The Velcro is strapped around the leg below the knee. A wire connected to the motor extends down the leg to a round padlike device in the bottom of the shoe, called the "step-switch."

When pressure from the foot hits the step-switch, it activates the motor in the Velcro. That causes a vibration behind the knee that lets the user know the foot is firmly planted.

The step-switch can be transferred when the user changes shoes.

After getting good feedback from the teacher's mother and others who tried the device, Sykes hired local patent attorney Walter Beavers. In 2005, the federal government awarded Sykes Patent No. 6,958,681.

Sykes then hired Millennium Marketing Group in Overland Park, Kan., to find a manufacturer.

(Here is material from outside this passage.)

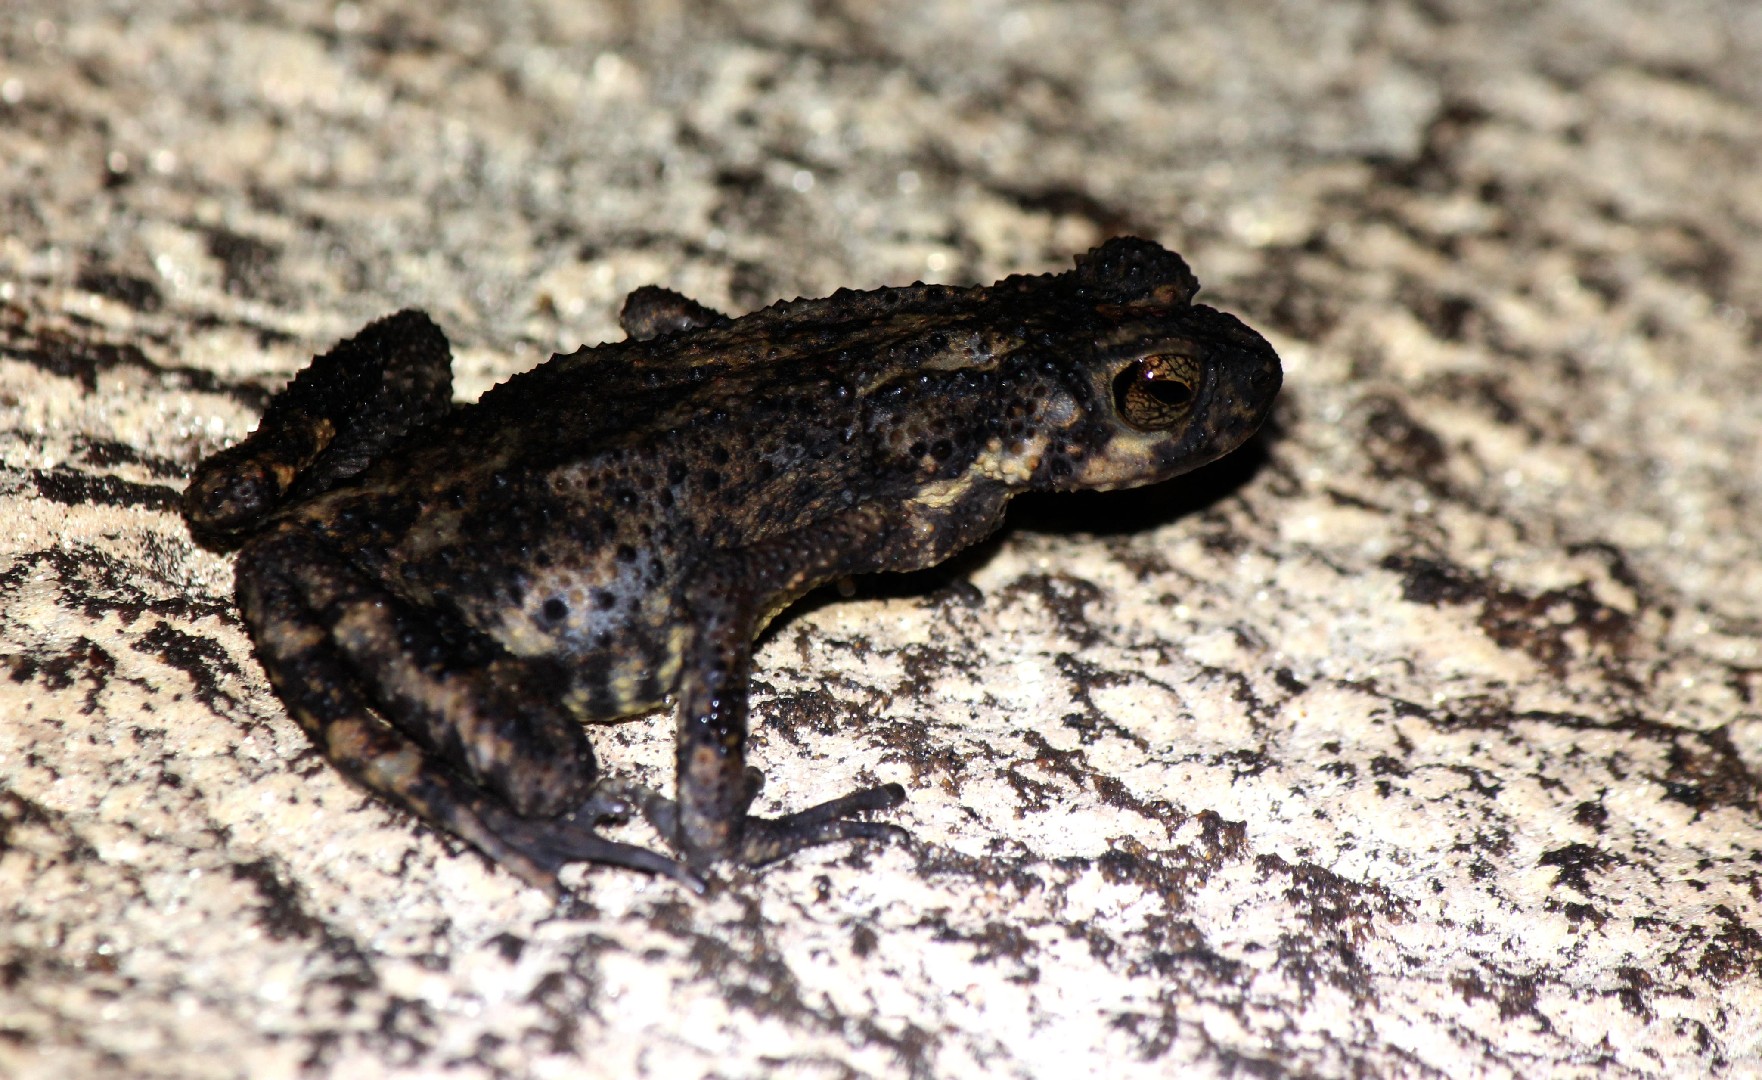 Sri lankan dwarf frogs (Adenomus)

The prospectus Millennium sent to medical supply companies included a letter to a doctor from a Greensboro resident who had lost sensation in one foot from a crushed disc and pinched nerve in her back.

"When you treat other patients with similar issues, this device could be of great help to them," she wrote.

She ended it by writing, "It works GREAT."

Millennium says 15 million to 20 million Americans suffer peripheral neuropathy — and an estimated 1.8 billion worldwide.

Sykes held off saying anything publicly about his invention until Millennium found a manufacturer and distributor, which it recently did with a West Coast medical products company. Sykes says he's not yet at liberty to reveal the name.

He says he has entered into a 20-year licensing agreement and will serve as a consultant for five years. He hopes the SSD will be available by fall.

As for price, he again says he must remain mum, except to say it will retail for less than $100.

He's not sure he'll last another 20 years but is confident his children and grandchildren will. If the device proves successful, they'll be stepping in high cotton.

As for Sykes, he's not looking for awards and praise, but who doesn't have an ego? He wouldn't mind seeing a few headlines that say:

"Local invention could help millions worldwide."